Fulvio Palombo's work demonstrates how an artistic expression rooted in one culture can be redefined in another:
the subtle Italian sensibility of Palombo's work is combined with the gestural impetuosity and spontaneity of the action painting.
                                                                          Claude Lavanchy
                                                                                                                 Lausanne , Switzerland, October 1992


...Fulvio Palombo is holding his abstract-expressionist door open and you will see everything your imagination will allow.
You'll perceive forms, colors, emotions, expressions as you leave reality and voyage in the landscapes he has created - in infinity- composed of earth, sea and sky, in dazzling colors.
You may see oceans, suns, the depths of night or shimmering dawns.
Whatever happens, you cannot fail to capture, and be affected by the joy, the wonder and the excitement that comes with discovering that you are free to voyage to the center of the realm where these colour-scapes originate.
Susie White
Rome, June 1995

Imagine taking a piece of the moon, a fragment of kingly magenta, sharp lemon, sophisticated black, forest green, and hurling these colors into space, then freezing them.
Stop-start motion. The colors move. Forms shift, reassemble. Dance.
While you watch...This is how one experiences Fulvio Palombo's paintings, although "painting" is perhaps too static a word to describe these abstract expressionist works; in fact, they are more like mobiles, scenes that shift before your eyes.
Come alive. Pulsate. Breathe. Speak. Energy is harnessed, then released. At his two recent one-person shows in Switzerland and Italy, a new element -or rather two- entered Palombo's work: Byzantine gold and silver. The effects are extraordinary: eloquent swirls and stirring, singing life change with the light: in the sun the gold and silver flash, like the feathers of a dove; at night they vanish and take you down to an undersea world of rubies and emeralds.
Susie White
Rome, may 1996

The new paintings are spectaculars.

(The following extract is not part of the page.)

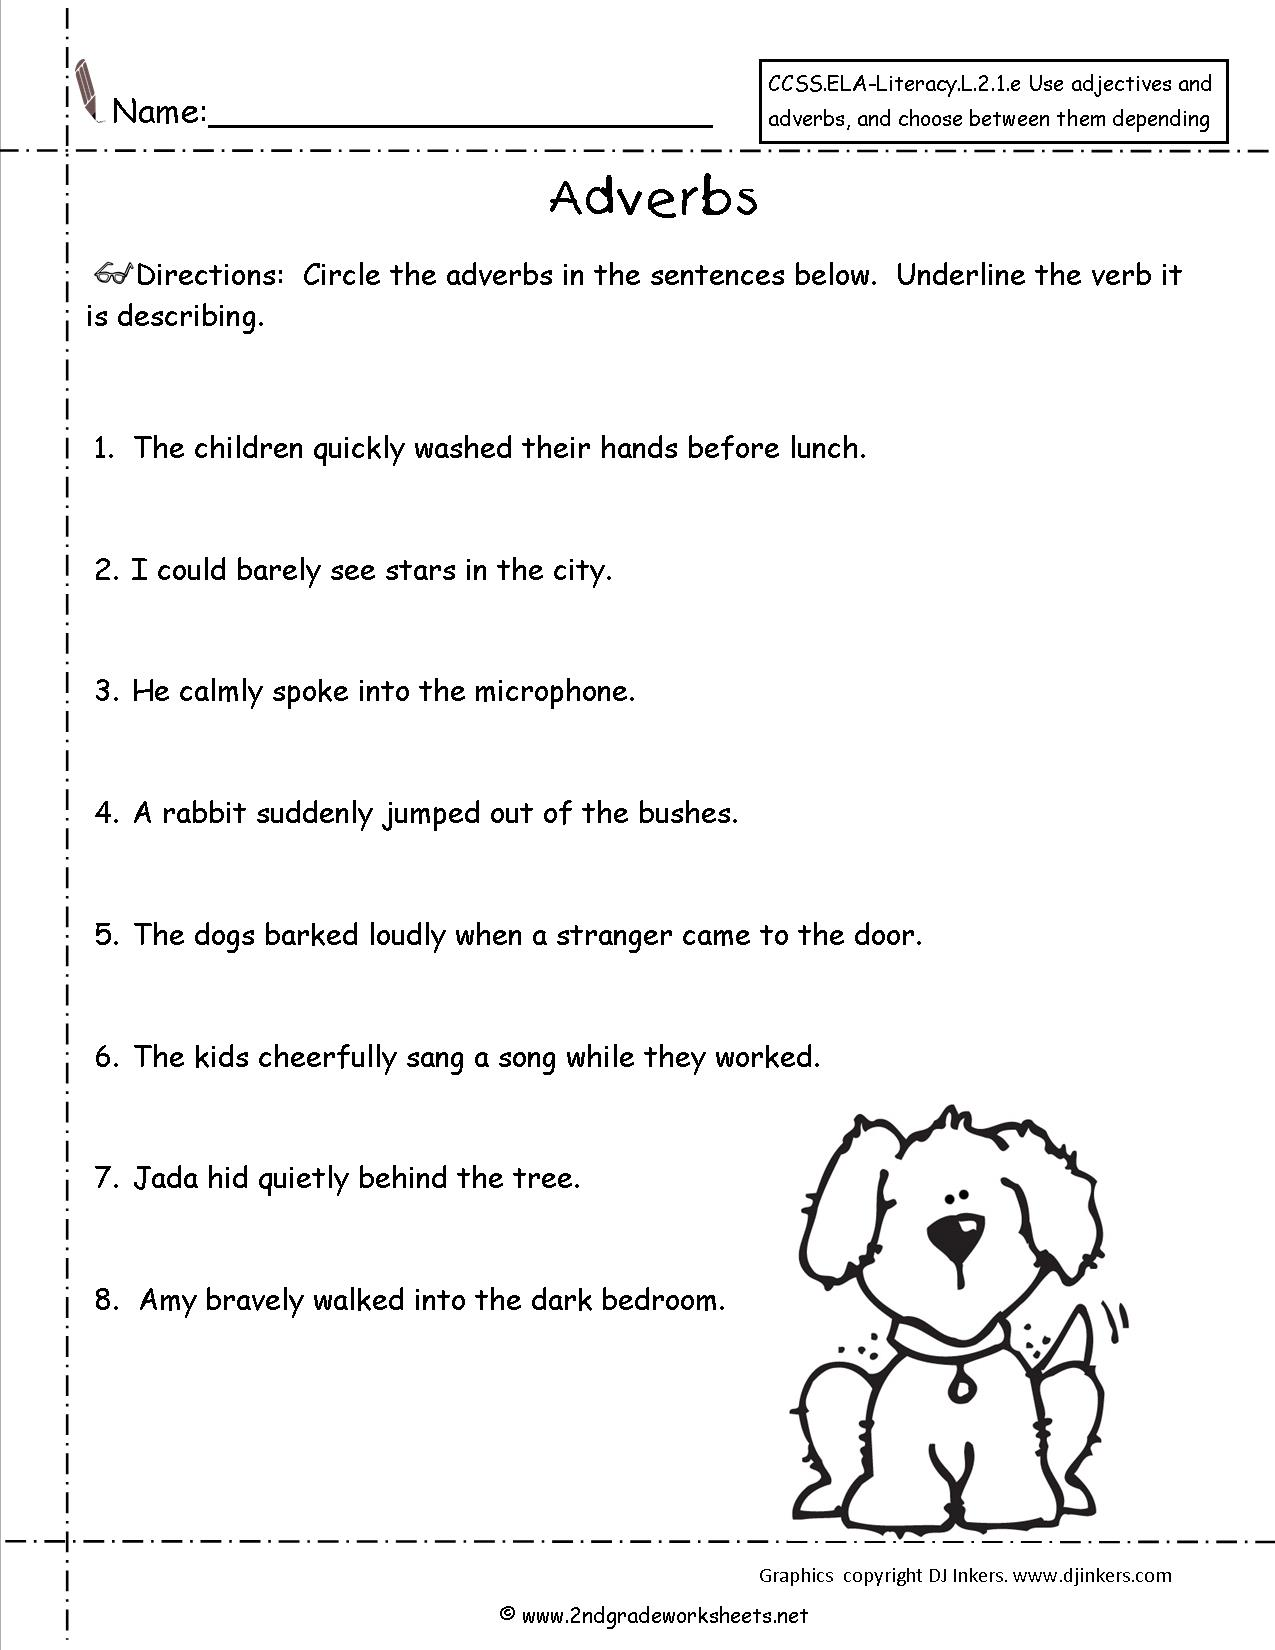 18 Best Images Of Adjectives Worksheets For Grade 2

It is the sort of thing that I find myself just wanting to look at and somehow lose myself in.
They seem both primitive and new at the same time and express or convey in a new way something that has been there for all time.
                                                                                 Ian Parson
                                                                                                                          Victoria, Australia, February 1997

Here is that special and unique imprint of the human hand involved in the act. Palombo's art reechoes the emotional and aggressive vibrancy of the dramatic post war artists of Abstract Expressionism without forfeiting the sense and immediacy of the moment. He has taken the leap into the past of more than two decades in order to reconnect that valuable heritage to his personal discoveries and solitary searching. His efforts as we witness are highly rewarding.